Die gute Nachricht ist: Du kennst jetzt das Tag-eins-Prinzip. Wie wäre es, ab jetzt ein Leben voller Premieren zu leben? Vielleicht gehst Du morgen mal zu Fuß zur Arbeit, lässt Dich nass regnen, weil Du keinen Schirm dabeihattest, oder nimmst extra einen Umweg und hörst Jazz, um den Deine Ohren bisher einen großen Bogen gemacht haben? Es gibt tausend Arten, jeden Tag eine kleine (oder natürlich große) Premiere zu erleben. Wir sollten jeden Tag beginnen, als wäre er der erste eines neuen, spannenden Projekts.

Die Unsicherheit lässt uns in der nahen Zukunft übrigens auch gar keine Gelegenheit mehr, in hirntote Routinen zu rutschen. Wir sollten dies als Chance begreifen.

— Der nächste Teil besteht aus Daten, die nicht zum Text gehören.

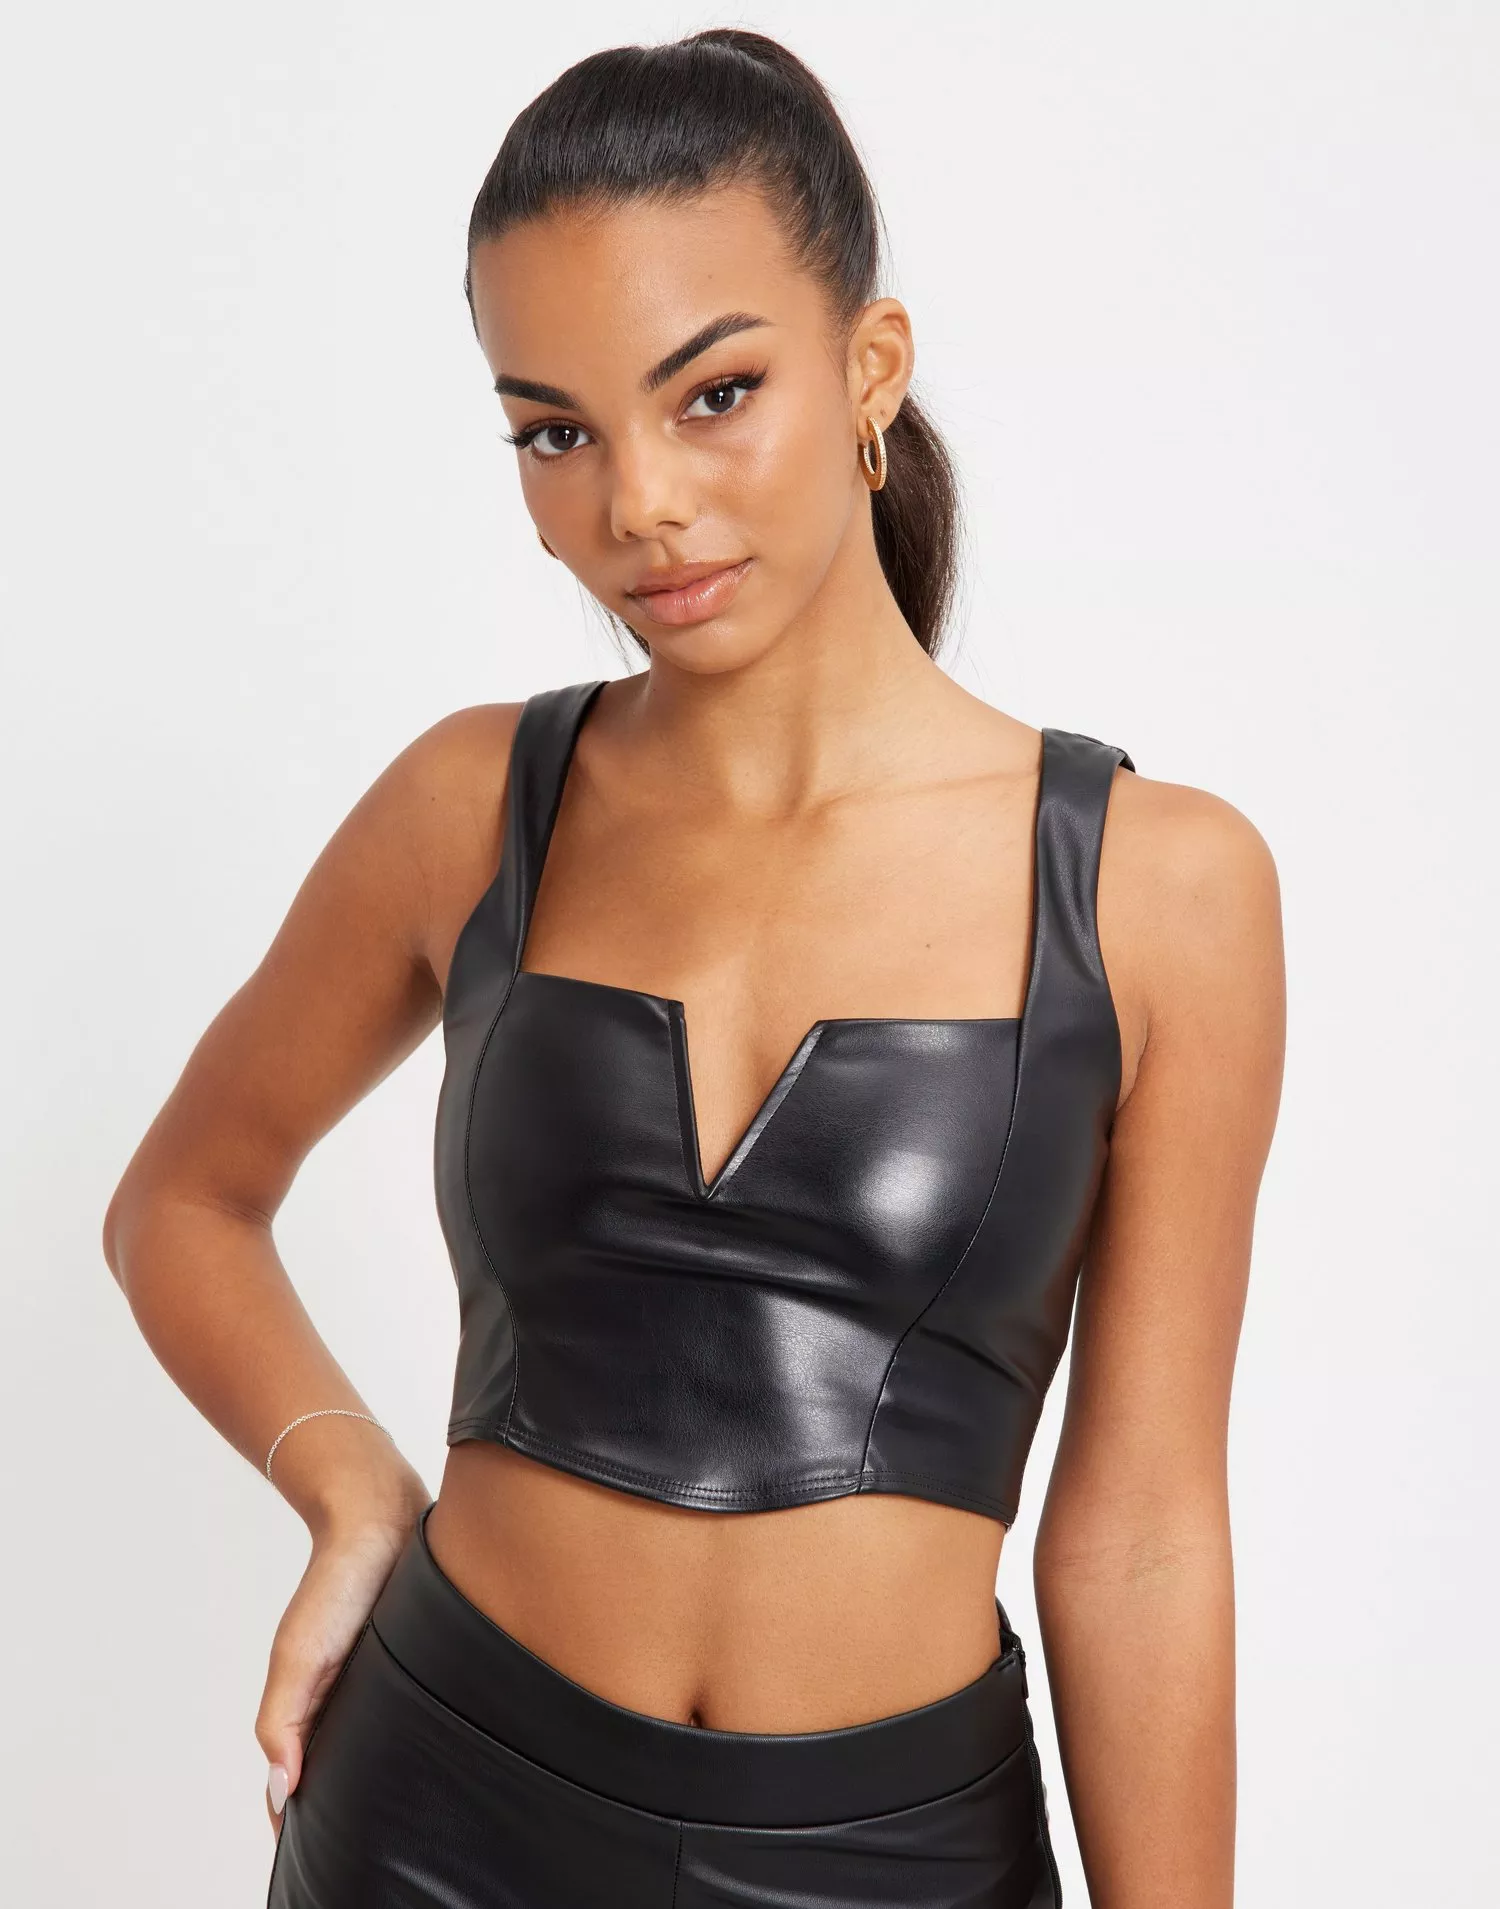 Peck æggelederne Blitz Buy Nelly Leather Look Wire Top - Black | Nelly.com

Wir haben die Chance, die Unsicherheit zu nutzen, indem wir die alten Konzepte, die vermeintliche Sicherheit versprechen, meiden – um uns und das, was wir tun, jeden Tag neu zu erfinden. »Immer Tag eins« ist das perfekte Beispiel für die Einstellung, die wir jetzt brauchen. Denn mit ihr gibt es kein Zögern, wenn Du neue Optionen siehst. Du wirst sie ergreifen.